Unsloth Pushes Updated Gemma 4 GGUFs - Re-download Required

AI news: Unsloth Pushes Updated Gemma 4 GGUFs - Re-download Required

Running Gemma 4 locally? You need to re-download the GGUF files.

Unsloth, the team behind heavily optimized builds of open-source models, pushed updated GGUF versions of Google's Gemma 4 on April 8. GGUFs are quantized (compressed) model files designed to run on consumer hardware without a cloud connection. The two updated releases cover the 2B instruction-tuned model and the 26B MoE variant - MoE stands for mixture-of-experts, meaning the model has 26 billion total parameters but only activates 4 billion at a time during inference. That architecture makes it faster and cheaper to run than a traditional 26B model of the same size.

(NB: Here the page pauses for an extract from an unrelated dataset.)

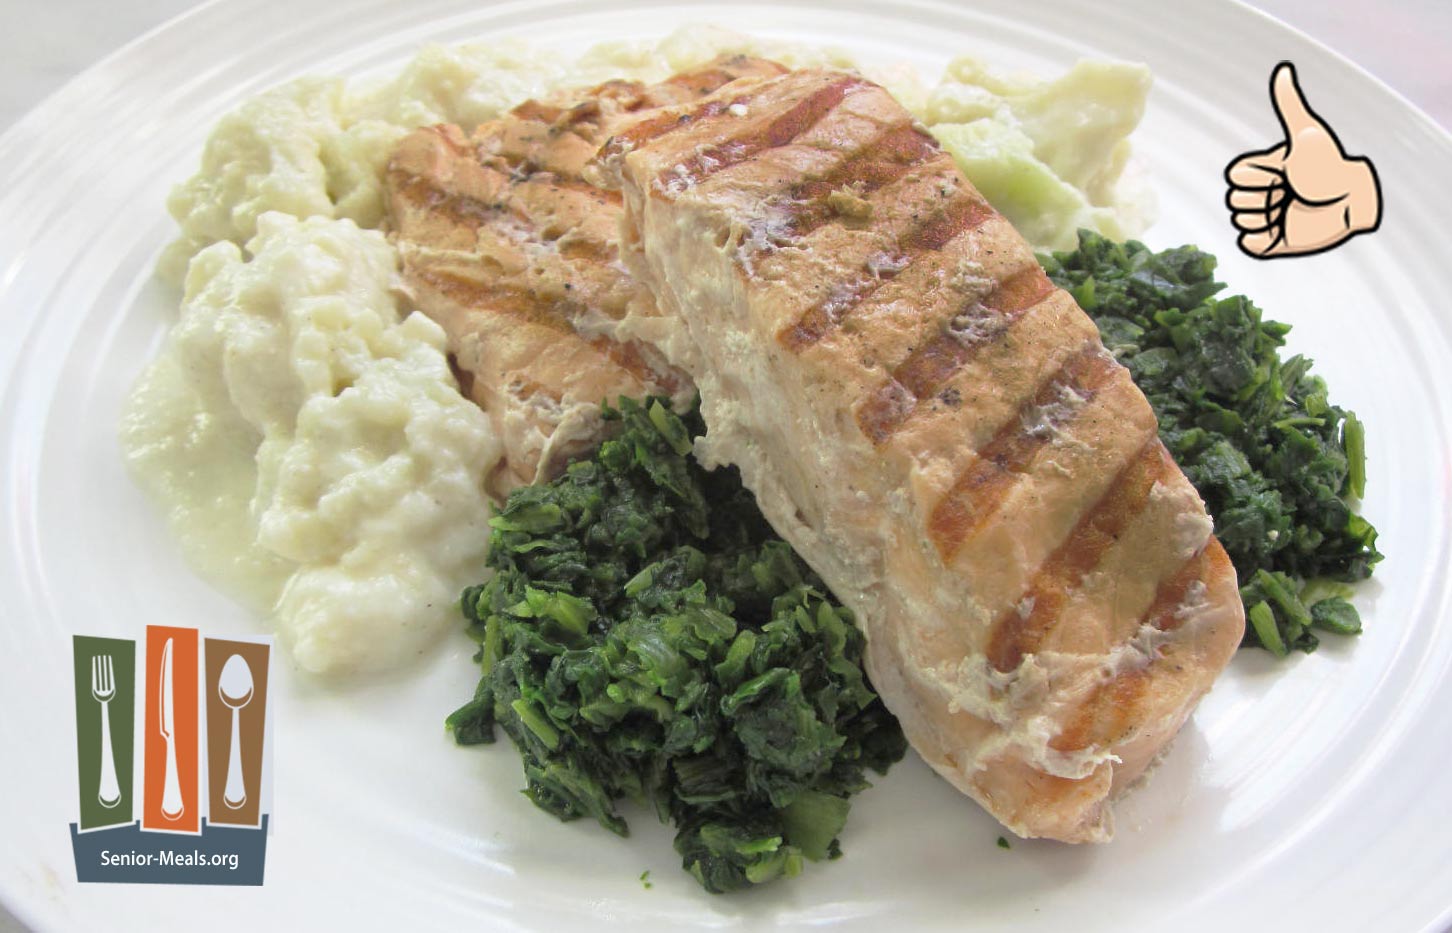 Grilled Salmon with Cauliflower Au Gratin and Sous-Vide Spinach - $13

The update patches a KV-cache bug involving attention rotation for heterogeneous iSWA. In plain language: iSWA (interleaved sliding window attention) is a technique Gemma 4 uses to handle longer conversations more efficiently by only paying full attention to nearby tokens while using a compressed view of older context. The KV-cache stores that conversation state so the model doesn't recompute it from scratch on every reply. The bug meant cached data could produce incorrect outputs when attention rotation was applied across the model's mixed-layer architecture.

The Unsloth team flagged this as broad enough to warrant a full re-release rather than a patch. If you grabbed these files in the first wave after Gemma 4's release, head back to Hugging Face and pull the latest versions from the unsloth/gemma-4-E2B-it-GGUF and unsloth/gemma-4-26B-A4B-it-GGUF repos.

The 26B MoE variant is worth the re-download - it benchmarks competitively against much larger models while staying small enough for a mid-range GPU. The 2B is useful for edge deployments or cheap prompt testing before committing to larger runs.